The area A of a triangle is given by the formula A=1/2bh If the base of the triangle with height 12 inches is doubled, its area will be increased by 48 square inches. Find the base of the orignial triangle.
Doubling the base without changing the height would simply double the area.
So the increase is 48 square inches, which means the original triangle is 48 square inches.
48 = (1/2)base(12)
base = 8
To solve this problem, we will use the given information and the formula for the area of a triangle.

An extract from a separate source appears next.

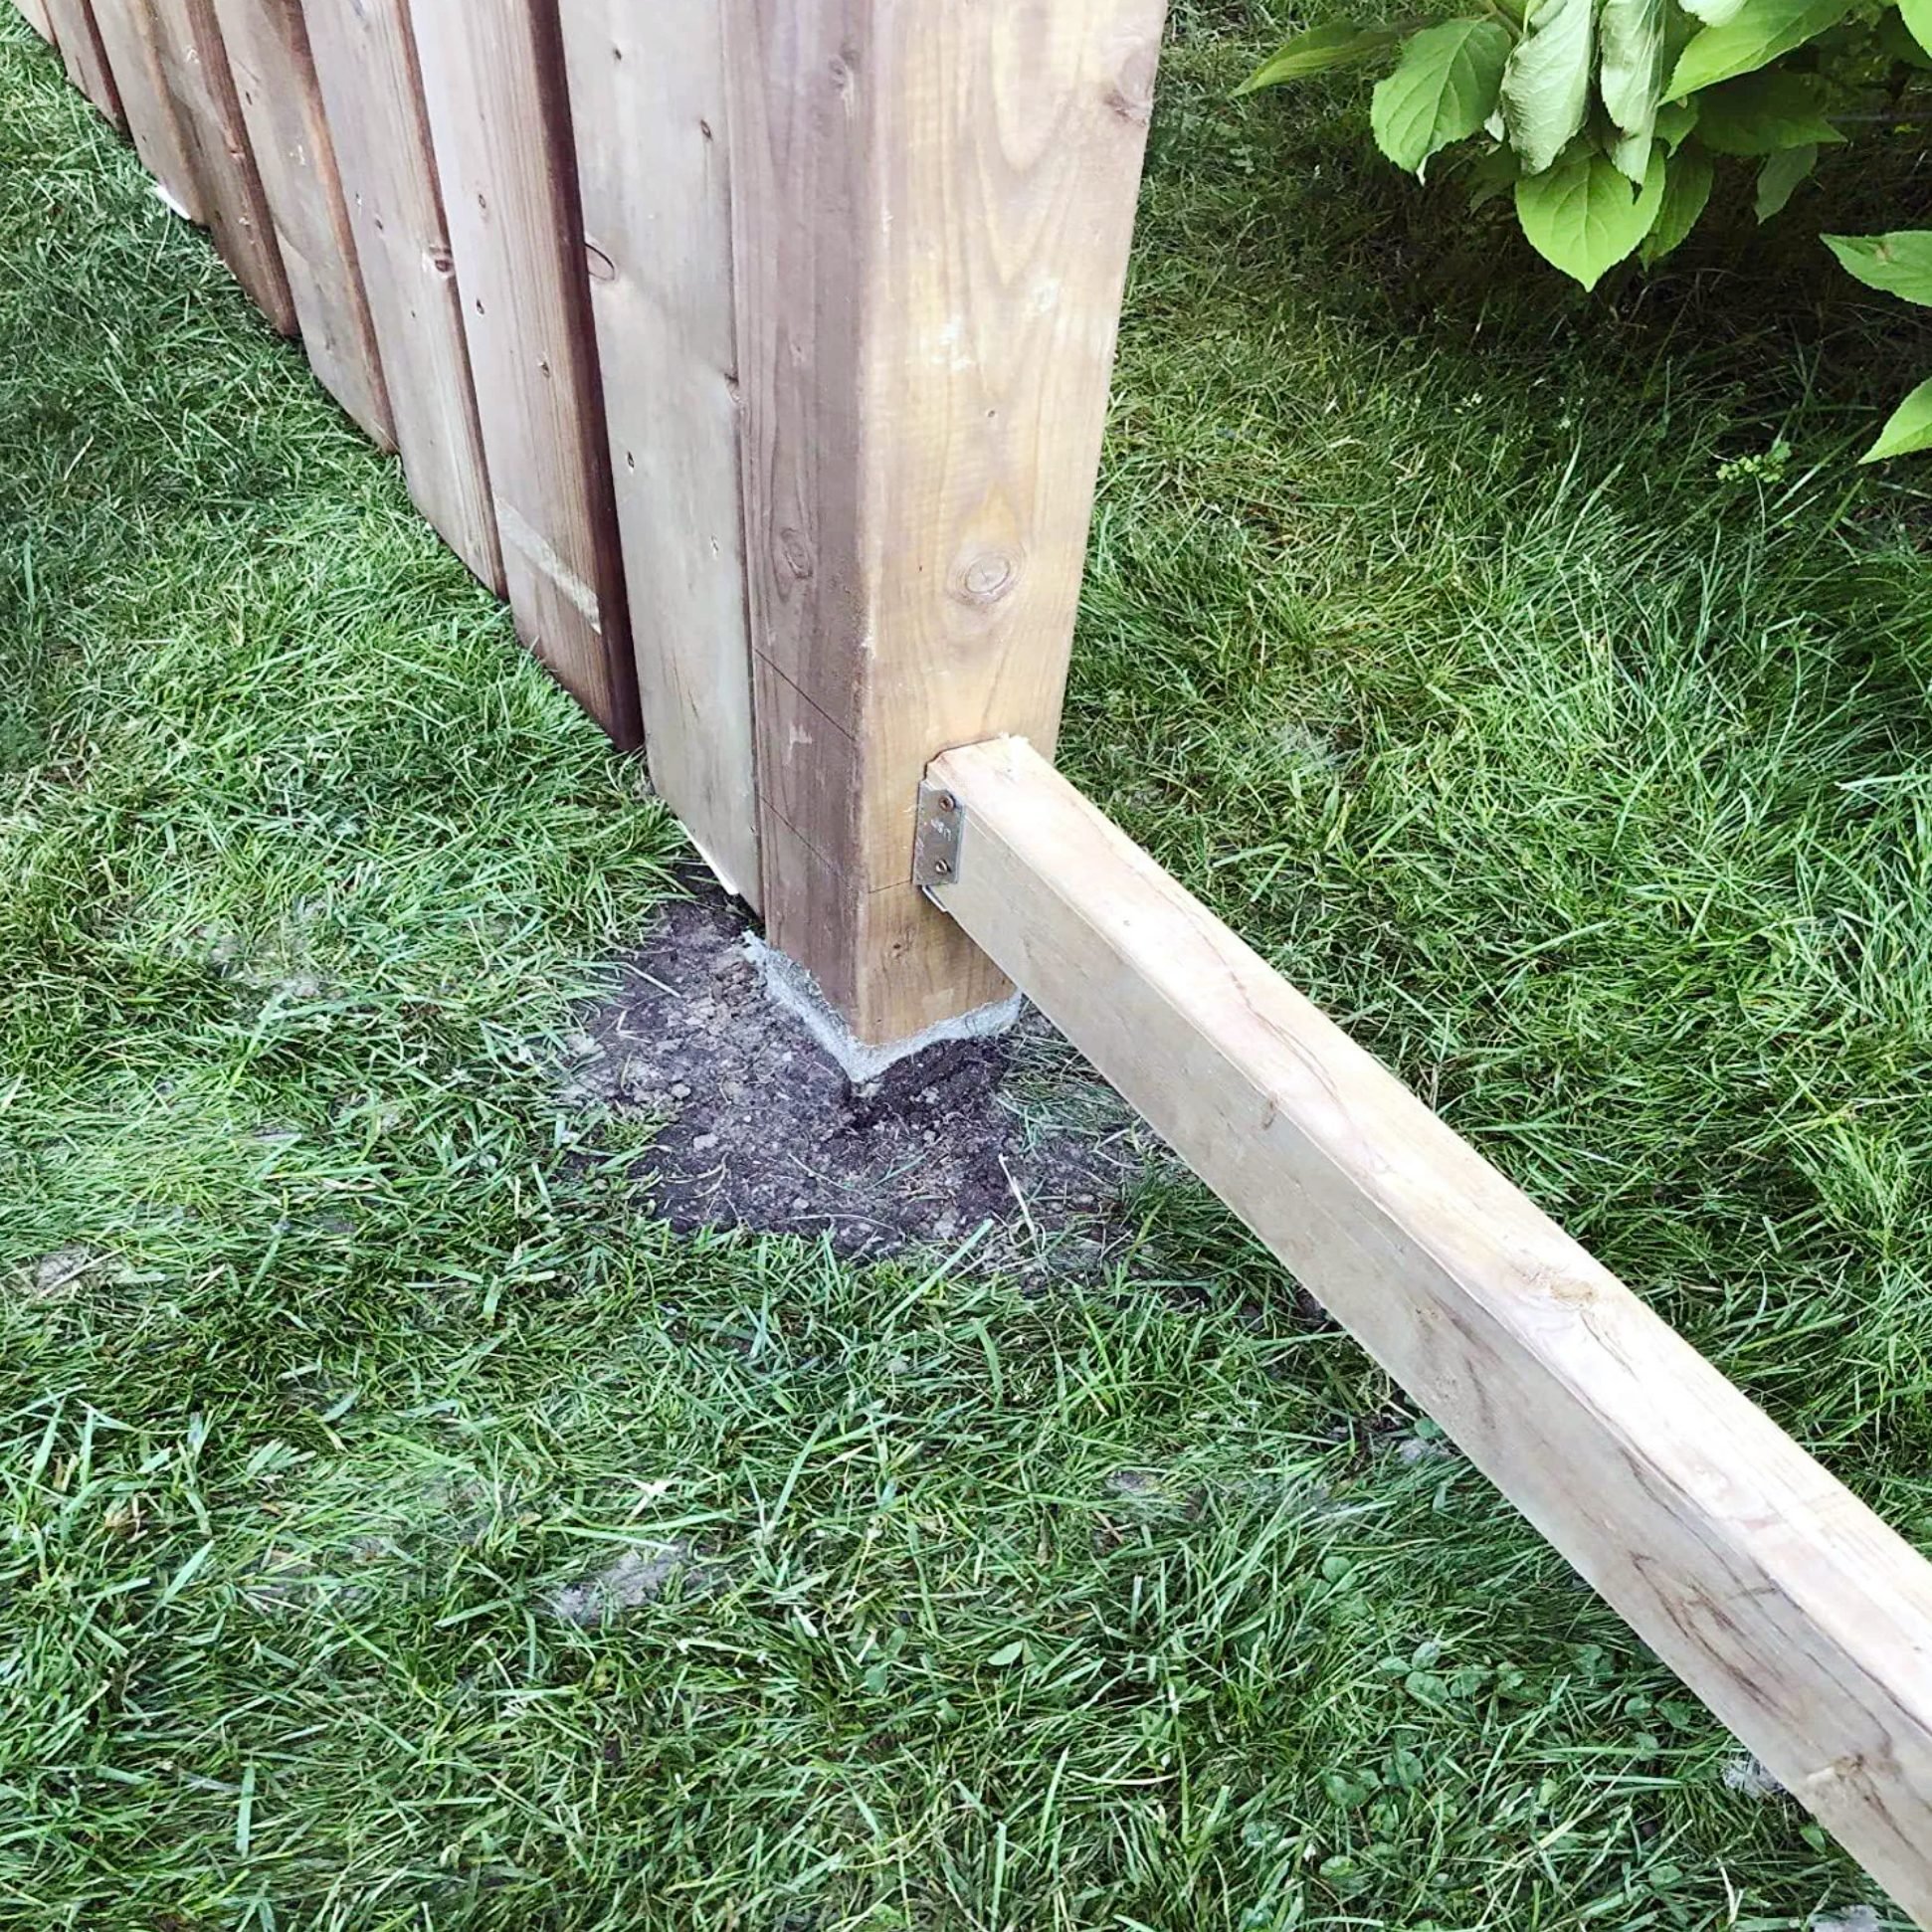 Should You Use Expanding Foam for Setting Fence Posts?

Let's start by writing down the information we have:
The formula for the area of a triangle is: A = (1/2)bh, where A is the area, b is the base, and h is the height.
We are given that the height is 12 inches and that if the base is doubled, the area is increased by 48 square inches.
Let's break down the problem step by step:
1. Let's start by finding the area of the triangle with the doubled base.
- Let the original base be represented by b.
- The doubled base will be 2b (since it is given that if the base is doubled).
- The height of the triangle is given as 12 inches.
- Using the formula for the area of a triangle, we can write the equation: A1 = (1/2)(2b)(12)
2. The problem states that if the base is doubled, the area is increased by 48 square inches.
- This means that the new area (A2) will be the original area (A1) plus 48: A2 = A1 + 48.
3. Now we can substitute the values into the equations we formed.
- For A1, we have A1 = (1/2)(2b)(12) = 12b.
- For A2, we have A2 = 12b + 48.
4. We know that A2 = A1 + 48, so we can equate the two expressions:
12b + 48 = 12b.
5. Now we can solve for the base (b):
48 = 0.
Since we obtained a contradiction (48 = 0), this means that our original assumption is incorrect. Therefore, there is no solution to the problem as it is given.